The women look at each other and then at Blaise who is just quietly eating and confused by all the talking, and then they look back at me.

“See him.” Adeline points at Blaise, and they both start laughing.

“She’s right, just look at him, Rem. If he’s not yours, I will eat my hat.” She sits herself back down at the counter while they both continue to giggle at me.

I want to argue with her, but I can’t.

The DNA test is really only for my peace of mind and the lawyers. I know he’s mine.

“Now sit down and eat, and if it’s at all humanly possible, maybe try to make friends with your son.
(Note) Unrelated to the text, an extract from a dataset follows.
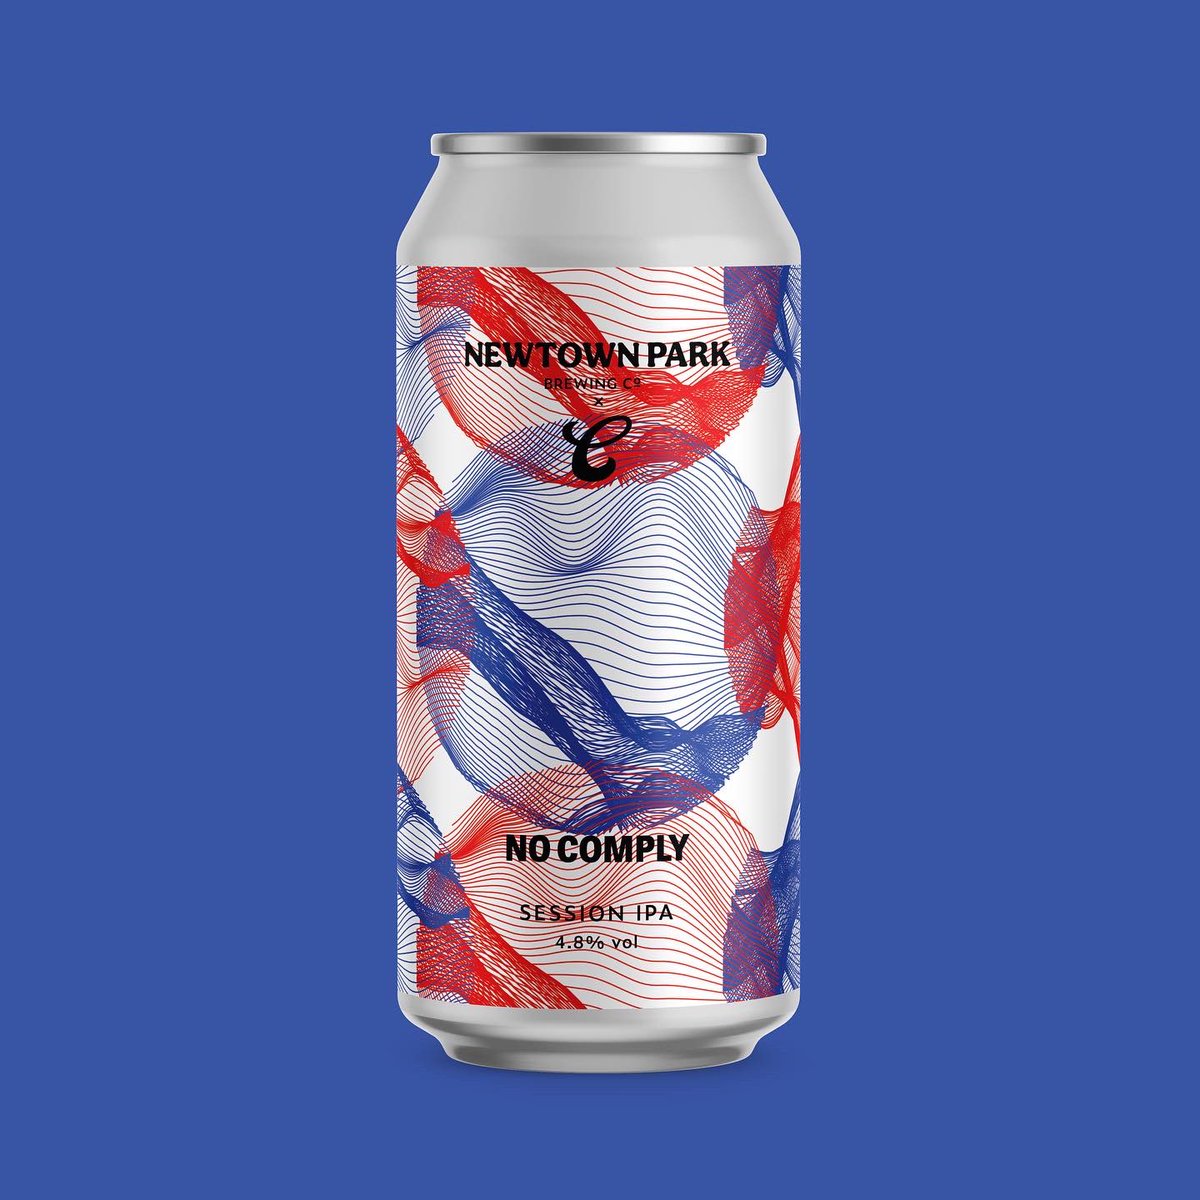 Screeching back into the lineup like a power slide on fresh concrete, 𝙉𝙊 𝘾𝙊𝙈𝙋𝙇𝙔 returns! With the recent news about the brewery you’ll wanna get your skates on before these cans ride off in to the sunset 🌅

You have a long road ahead of you, and it starts today.”

I’m too wound up to say anything else, so I find myself sitting on the stool next to Blaise and taking an apple pastry the same as his, shoving it in my mouth before I can get myself in any more trouble.

Looking straight ahead at the window that faces the back garden, I’m hoping the sight of the sun will bring some sort of calming feeling washing over me.

Not happening.

My blood is pumping loudly in my ears from the frustration.

The kitchen is filled with silence as the conversation stops, and the only sound I can hear is the chewing of breakfast and the slurping of coffee.

Then the softest voice breaks the silence with a few little French words.

“ Papa, où est ma maman ?” Blaise reaches out and touches my arm, and the warmth I feel shocks me.

Looking into his eyes, I can tell he already trusts me, and he doesn’t even know me.

Elouise’s voice is almost a sniffle when she repeats for me, “Papa, where is my mama?”

Oh, Blaise, I don’t know how I’ll help you get through this, but I promise to try.

And in this moment, I can feel him start to chip away at my heart to let him in.

If only it were that easy, buddy. I just don’t know if I have it in me.